Em 1994, a Conferência Nacional dos Bispos do Brasil (CNBB) publicou normativa intitulada “Orientações Pastorais sobre a Renovação Carismática Católica” (Documento 53). Trata-se de diretrizes canônicas, visando à readequação do movimento Renovação Carismática Católica (RCC) aos parâmetros litúrgicos e doutrinais do Catolicismo. 

No referido Documento 53 se consideram diversos pontos ambíguos do “pentecostalismo católico”. Passados 22 anos, o Documento 53 ainda está em pleno vigor. É verdade que o surto carismático arrefeceu sobremaneira. Contudo, pergunta-se: nessas duas décadas, mudou a práxis litúrgica ou paralitúrgica dos membros do aludido movimento, em obediência aos ditames estipulados pelos bispos? 

Quem sintoniza à noite certas emissoras de televisão, uma delas notório carro-chefe da RCC, assiste à “oração em línguas”. Preceitua, contudo, o Documento 53: “Como é difícil discernir, na prática, entre inspiração do Espírito Santo e os apelos do animador do grupo reunido, não se incentive a chamada oração em línguas (...)” (62). 

Respeitáveis e conhecidos sacerdotes, próceres do movimento RCC, continuam a utilizar o termo “batismo no Espírito”, sendo que o Documento 53 preconiza que “será melhor evitar o uso da expressão ‘batismo no Espírito’, ambígua, por sugerir uma espécie de sacramento” (54). 

Vários outros itens problemáticos elencados no Documento 53 foram ou não resolvidos pela RCC nesses dois decênios de vigência da normativa?

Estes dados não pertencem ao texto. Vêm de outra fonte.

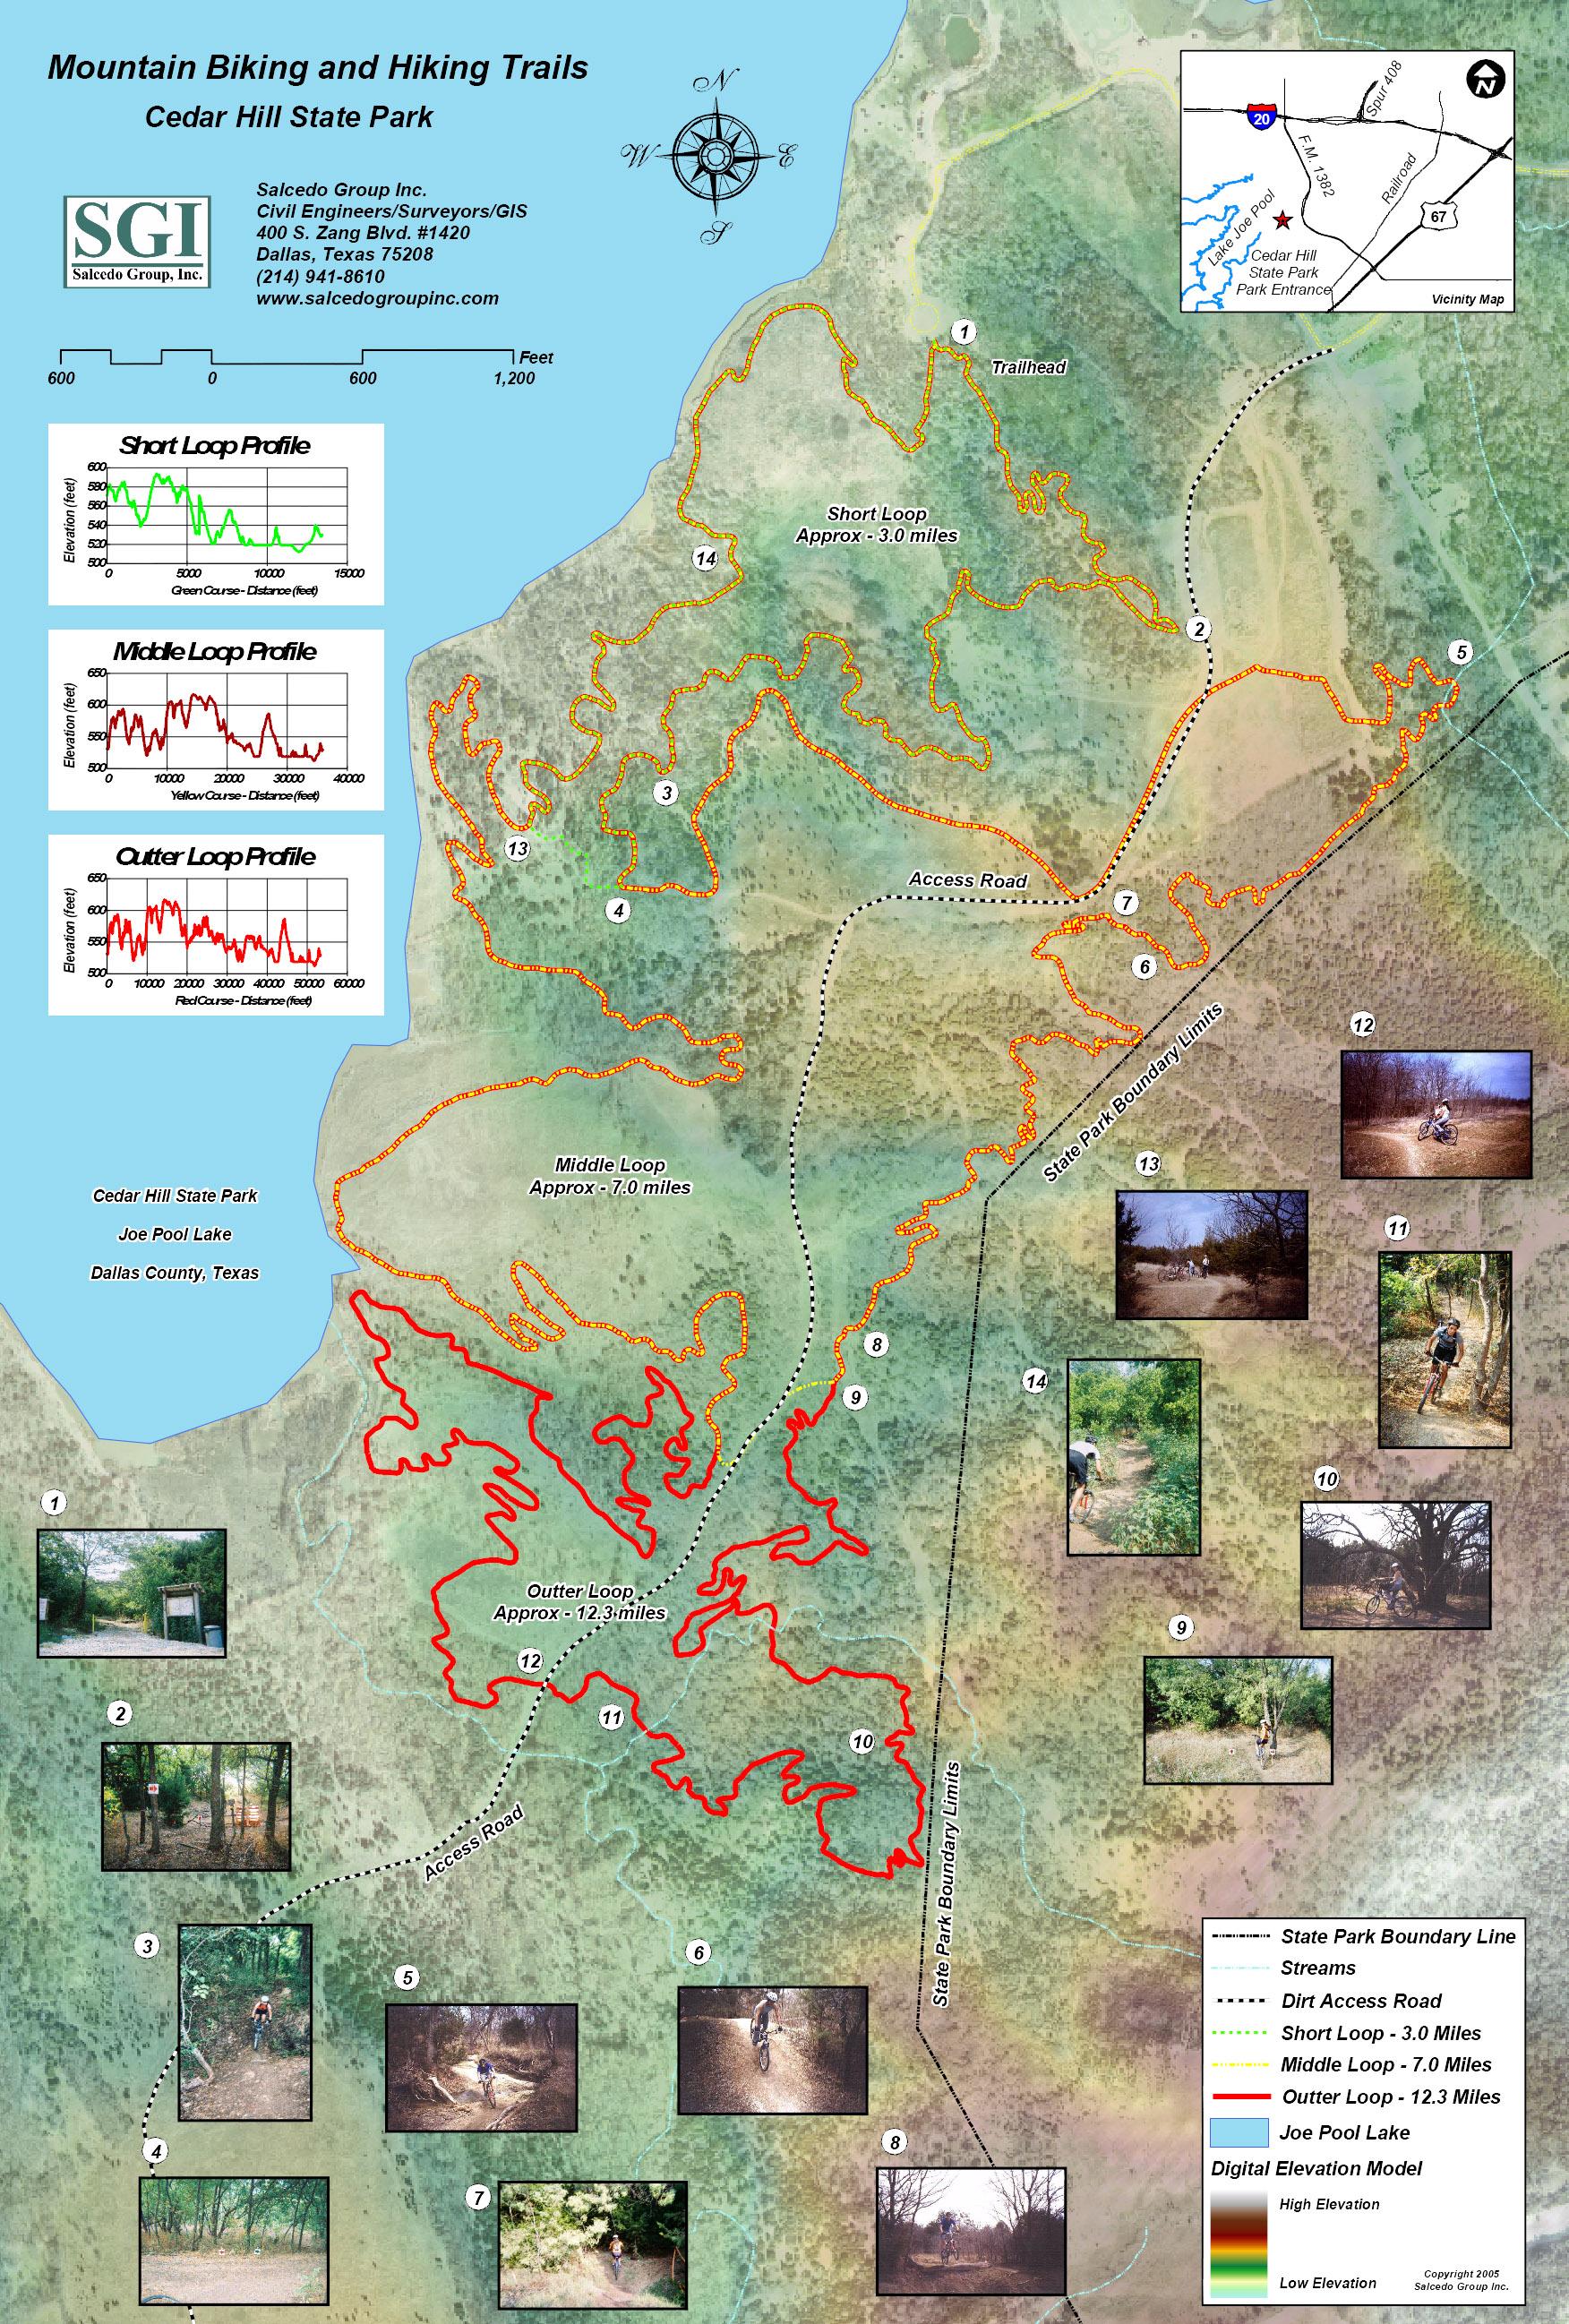 Cedar Hill State Park Mountain Biking And Hiking Map

Por exemplo: o uso indevido de vocábulos como “pastor”, “pastoreio”, “ministério”, “evangelizador” (29); a ênfase nos exorcismos (que necessitam de prévia anuência da autoridade eclesiástica e só podem ser administrados por padres) (67); o subjetivismo e sentimentalismo dos grupos de oração (46); o profetismo (63); o carisma ou o pseudocarisma de cura (58) etc. 

Ao emanar as regras do Documento 53, a conferência episcopal quis corrigir os desvios da RCC, prejudiciais tanto ao movimento quanto à Igreja (69). Não se negam os benefícios que a RCC proporcionou a muitos católicos, trazendo-os de volta ao grêmio da Igreja e inculcando-lhes os ensinamentos fundamentais da religião cristã. Sem embargo, as recomendações e determinações do Documento 53 tocam em pontos relevantes da fé, que não devem ser descurados por nenhuma associação ou movimento eclesial. Consoante reza o cânon 529, §2.o, incumbe principalmente aos párocos a obrigação de zelar e velar para que as prescrições do Documento 53 sejam rigorosamente observadas. 

Edson Luiz Sampel 

Doutor em Direito Canônico pela Pontifícia Universidade Lateranense, do Vaticano (PUL). Membro do conselho diretor da Academia Marial de Aparecida (AMA) e da União dos Juristas Católicos de São Paulo (Ujucasp).